Il sentit un souffle prolongé non loin de sa jugulaire, ce genre de chuchotement qui glace le sang et l’échine. Probablement les turbulences d’un vent du nord qui se bousculait dans les entrailles des ruines de Taulmaril. Si la logique et son esprit habituellement cartésien lui dictait de ne pas laisser ses instincts outrepasser sa raison, ses sens et ses muscles se figèrent dans un mouvement naturel. Il n’avait que trop le souvenir de ce bruissement qui coure le long de la nuque, qu’il vienne des Hommes ou d’une force supérieure. Le Sindarin se leva d’un bon pour se retourner en dégainant sa lame imbue d’un feu protecteur qui avait vocation à illuminer les alentours. La poigne ferme sur sa garde, son insouciance venait de s’envoler pour laisser la place à une grande méfiance, son regard allait et venait partout où la lumière de son épée le lui permettait et même un peu plus loin. Son esprit lui jouait probablement des tours, mais les récits des aventuriers de Taulmaril et le passif de la cité, tendait tous ses muscles de nervosité.  Il leur faudrait vaquer à leur tâche rapidement, mais hors de question de s’aventurer dans ce dédale mortifère de nuit. Va savoir quelle créature et autre mystification pourraient les attendre. D’autant plus que ses recherches laissaient fortement sous-entendre qu’il faudrait un moment ou un autre s’enfoncer dans les terres, « la surface n’étant que la ruine d’un temps passé, foulé par les esprits d’un affrontement désolant ». Gareth rembrunit sa méfiance en baissant sa garde, son arme retrouvait son fourreau, mais sa main ne quittait pas sa garde, pas pour l’instant. Il s’assit à nouveau en jurant intérieurement. Il ne laisserait plus le destin, ni même sa naïveté, ni même encore une croyance futile se jouer de son libre arbitre. S’il y avait un Homme, une entité, ou tout autre chose dans ces ruines qu’il passe son chemin … Et même s’il ne s’agissait que d’un Terran un peu trop aventureux, un peu trop avide des possessions de nos deux aventuriers, qu’il se garde de pointer le bout de son fondement, ou la seule chose qu’il verrait serait le plat de sa lame.
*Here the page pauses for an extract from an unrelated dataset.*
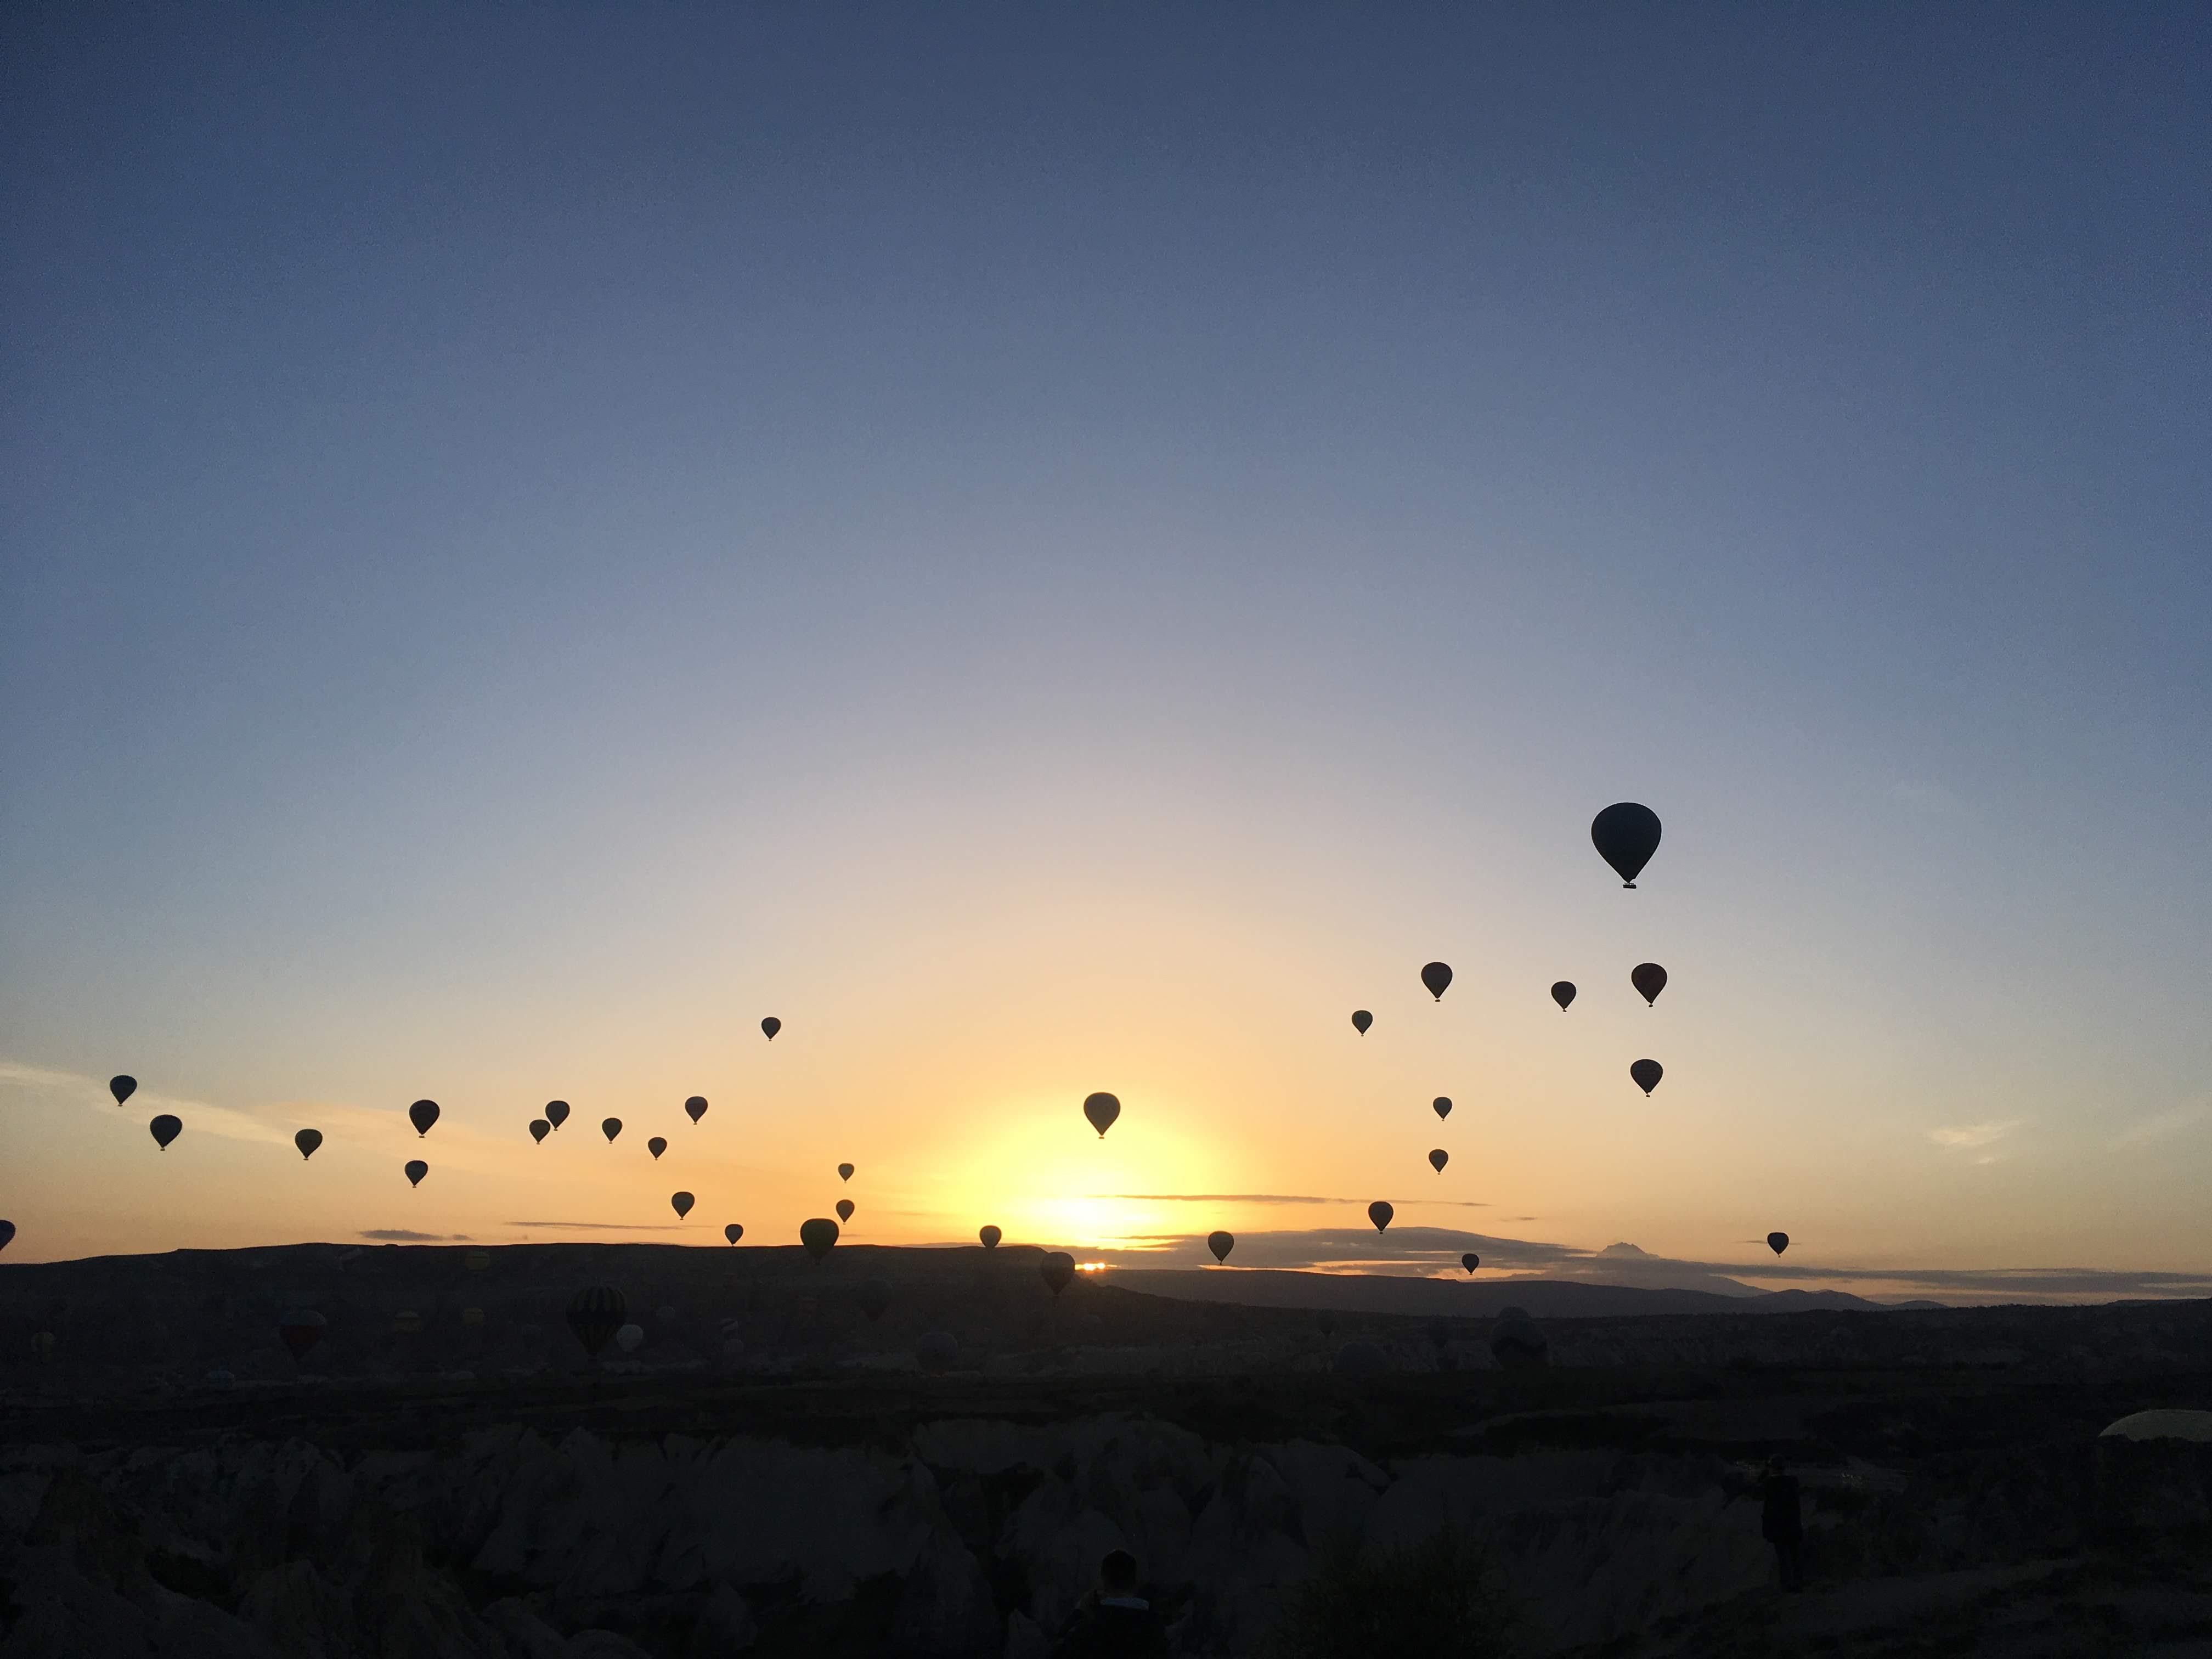 カッパソキア 気球 朝日

De nouveau assis sur une roche, ses coudes prenant appuis sur ses genoux et son menton sur ses mains liées, il adoucit son humeur et son expression. Le temps des ennuis viendrait plus vite qu’il n’osait l’imaginer. Il tourna la tête vers Calixte. Il ne savait pas si l’anxiété qui l’animait quelques secondes plus tôt était partagée, aussi il reprit la discussion sans plus de formules.

« Voyez-vous, je ne voudrais pas abuser de votre sympathie, comme un herboriste peut profiter de postures intellectuelles. L’adage veut qu’on ne reproduise pas les mauvais comportements dont on a fait l’objet au cours de son existence. Je tâcherais de ne pas faire l’abus de vôtre confiance à mon égard. Mais, j’accepte de vous accompagner avec plaisir, tout comme vous m’accompagnez aujourd’hui. Rien ne vous oblige à vous risquer sur ces terres maudites. »
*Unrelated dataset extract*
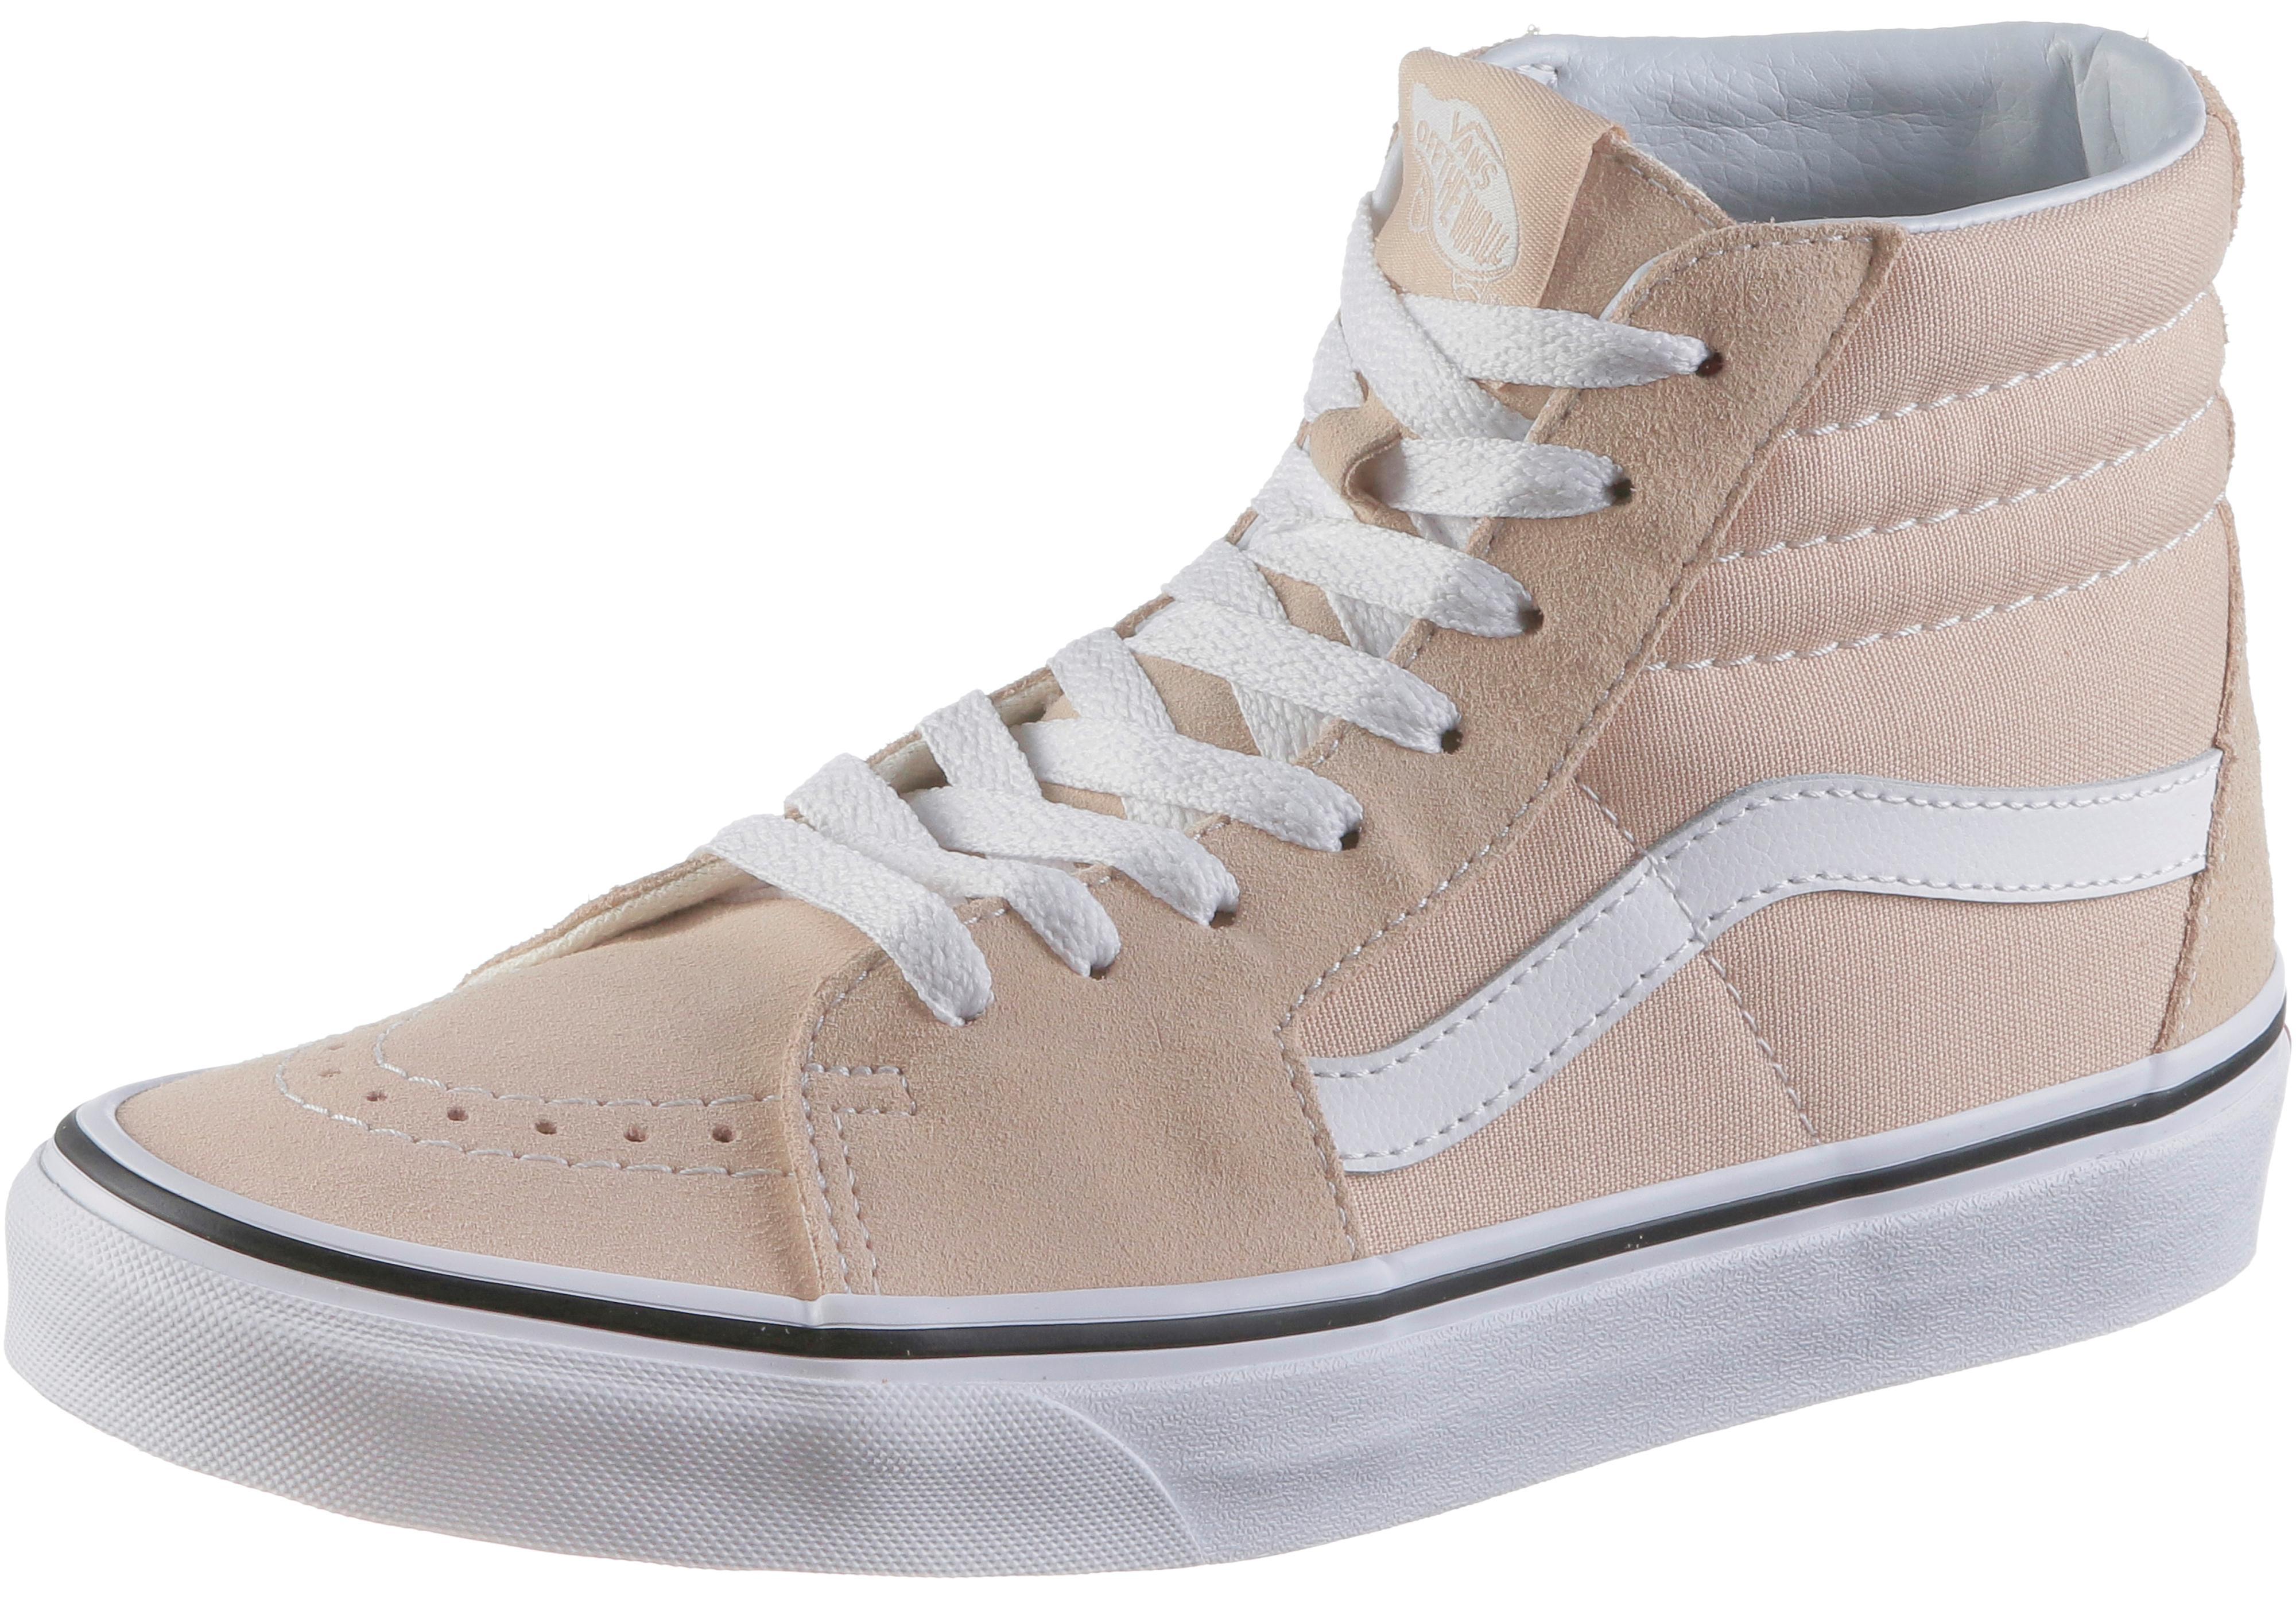 Vans Sk8 Hi ComfyCush Sneaker Herren schwarz weiß im Online Shop von SportScheck kaufen

Rien de vraiment solennel. L’aventure le grisait, il savait toutefois les répercussions qui l’accompagnait la plupart du temps. Gareth n’a jamais cru dans les malédictions Divines, par contre l’expérience lui a valu la mesure du danger. Ce qui ne l’a jamais vraiment empêché de s’y jeter pour assouvir sa curiosité. Accompagné, il tâcherait de ne pas laisser ses envies dépasser la raison commune et la prudence.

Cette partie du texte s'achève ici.